Unintentionally, Warbin and Wyle brought some joy into the gloomy day of hundreds of Kosovars. They decided to take some pictures with a Polaroid camera. But before they knew it, they were surrounded by refugees, begging to have their photographs taken — they had hardly had time to think about cameras and photo albums as they had been driven away from their homes. “That was the first time I saw any smiles and heard laughter,” Wyle says, with a trembling voice.
He hasn’t forgotten the images and sounds of “absolute hope against absolute brutality — it’s something you never think you’d experience and something you never forget”. He says he made some good friends among the refugees and tried, unsuccessfully, to help a family come to the US.

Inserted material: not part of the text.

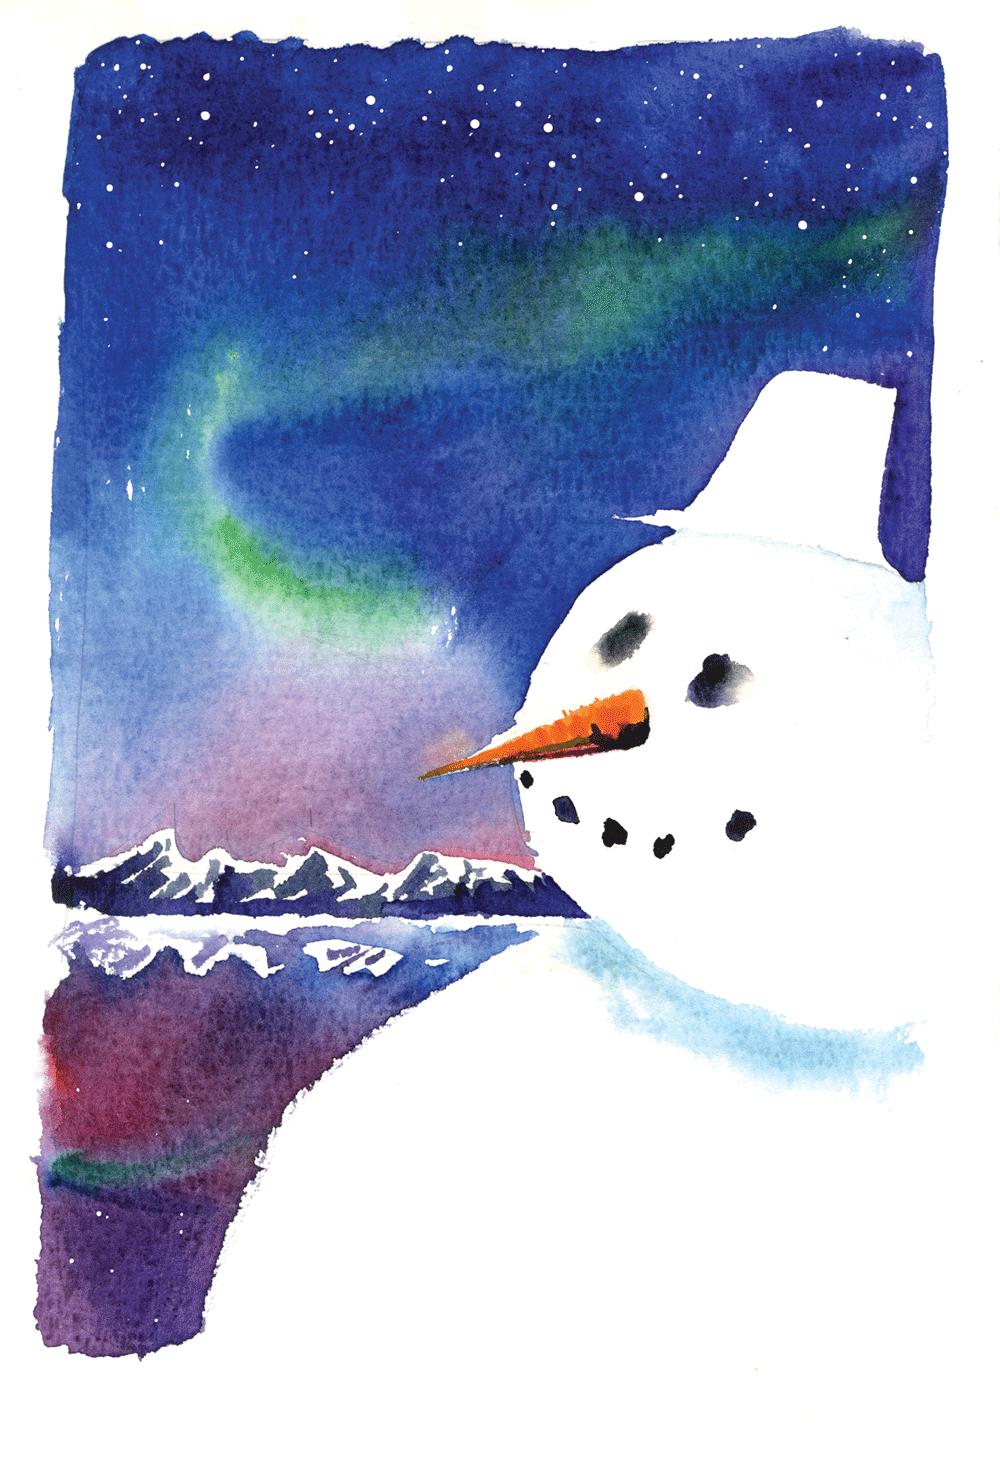 Snowman-Iceland-OBR

His “ER” contract expires in two years and, after having thought “long and hard”, he has decided not to renew it. “I’ve never looked at ‘ER’ as a landing spot so much as a taking-off,” he says. “It’s not easy for actors to find that kind of quality material on a regular basis, where you get to play as dynamic and multidimensional a character as the one I get to play.”
He acknowledges the possibility that “I may not have a career after ‘ER’,” but sees no reason to fret over it. “Because I’m a young man, and relatively new in this business, I have time on my side. I’ve killed my 20s probably in the best possible way, doing the best television you can do. If I have to disappear for a couple of years because I’m unhireable due to the exposure, so be it. They subsidise that time for me in my contract by paying me a king’s ransom. But I don’t have any grand illusions about where I should be.”